As the 9-to-5 workday becomes more flexible, a chief executive officer discusses why she puts more emphasis on employee output and a human resources professor examines why focusing more on output could affect employee performance.
Erin Bury, co-founder and chief executive officer at Willful
Pre-pandemic, I don’t think any of us questioned the daily grind — commute to an office, sit at your desk for at least eight hours, commute home and try to fit in family, friends, hobbies and maybe even a few minutes of relaxation in your off hours. But the pandemic changed all of that. Most companies switched to working from home and, over the past three years, we’ve gotten used to integrating work with our personal lives.
As an entrepreneur and the mother of a toddler, flexibility has become the thing I value most at work. The traditional 9-to-5 schedule just doesn’t accommodate working around childcare schedules, running errands or working at your peak productivity hours, even if that’s 10 p.m. It also doesn’t take into account organizations with employees in different time zones. At Willful, we have employees across five time zones, so the actual 9-to-5 isn’t at the same time for everyone. It also doesn’t take into account our output and achievements, just the quantity of time we’re working — or sitting at our desks.
At Willful, we’ve made flexibility the core of our culture, but it doesn’t come at the cost of performance. Accountability is one of our core values and we use a rigorous strategic planning and goal-setting framework to ensure everyone knows what key performance indicators they’re responsible for. We’ve shifted our mindset to focus on those outcomes, not on the time it takes to achieve them. We don’t monitor how many hours employees work or when they’re responding to emails.
Ultimately, the 9-to-5 workday is becoming a remnant of the past and, as employers, we should be shifting to paying for output, not time. Those that don’t make the shift risk the ability to attract and retain employees who value flexibility and autonomy above all else.
Michael Sturman, professor and chair ofthe department of human resources management at Rutgers University
There’s no doubt that focusing on employee output is a potentially powerful tool in the managerial toolbox. And for some jobs, it can be the right tool. But as the saying goes, if you only have a hammer, every problem starts to look like a nail.

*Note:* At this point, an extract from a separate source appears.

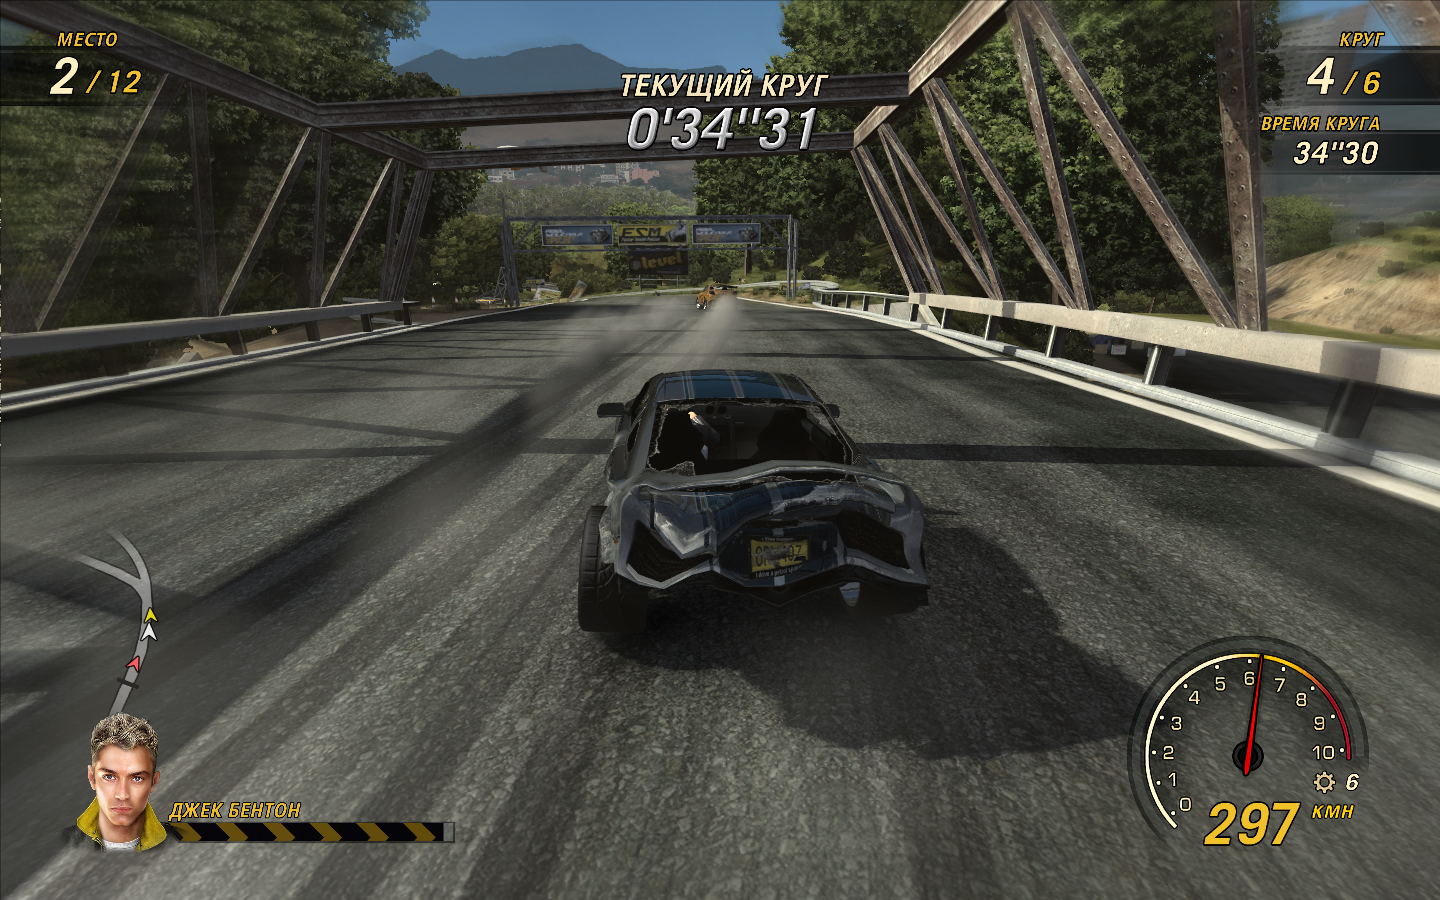 Modder showcases huge progress with Need for Speed Underground 2's

The largest problem with measuring employee output is that output metrics are often not great proxies for employee performance. Pay teachers based on standardized test rates and they focus more on teaching how to pass a test rather than on education. Pay a restaurant manager only based on customer satisfaction and you’ll find a lot of free drinks being passed out.
By now, managers should fully understand that what gets measured gets managed. There’s abundant research evidence and well-established practical experience showing that, when you reward a particular metric, other aspects of performance receive less attention.

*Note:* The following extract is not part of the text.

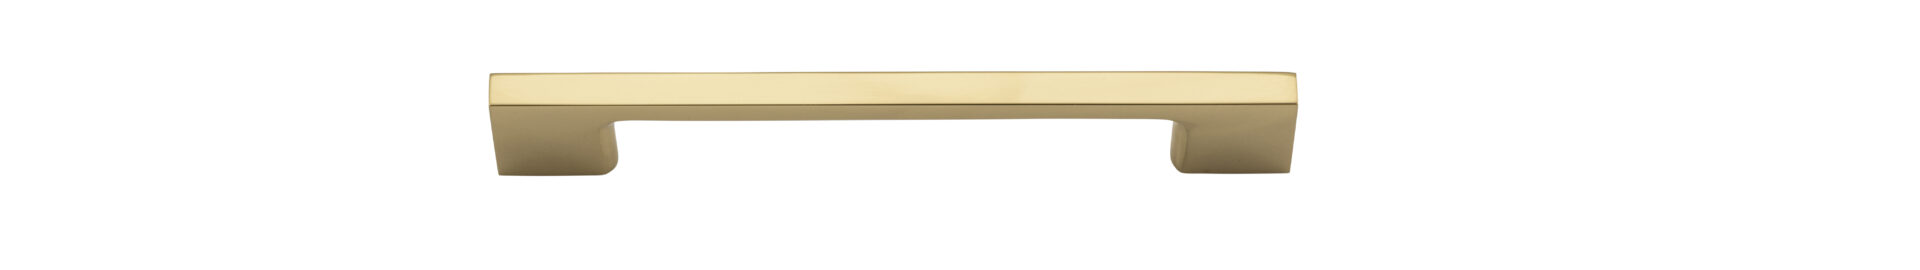 0515 - Cali Cabinet Pull - 128mm - Polished Brass

Employees find ways to make the rewarded metric go up and not always by ethical means or using approaches the company ultimately condones. Employees may also end up being less helpful to their colleagues and they’ll stop performing the parts of the job that don’t directly relate to the output metric. While you can be pretty confident the quantity of the rewarded outcome will go up, nearly all other critical metrics will begin to suffer.
Rewarding employees by the number of hours they work is certainly not perfect. It’s a managerial approach that focuses more on the journey and less on the destination. It requires trust and, more specifically, it requires good management, a strong understanding of how jobs interact within the organization and a lot of faith in employees’ engagement.
If an organization doesn’t have these components, it has a more serious problem that’s not going to be fixed by finding a single output metric and rewarding it.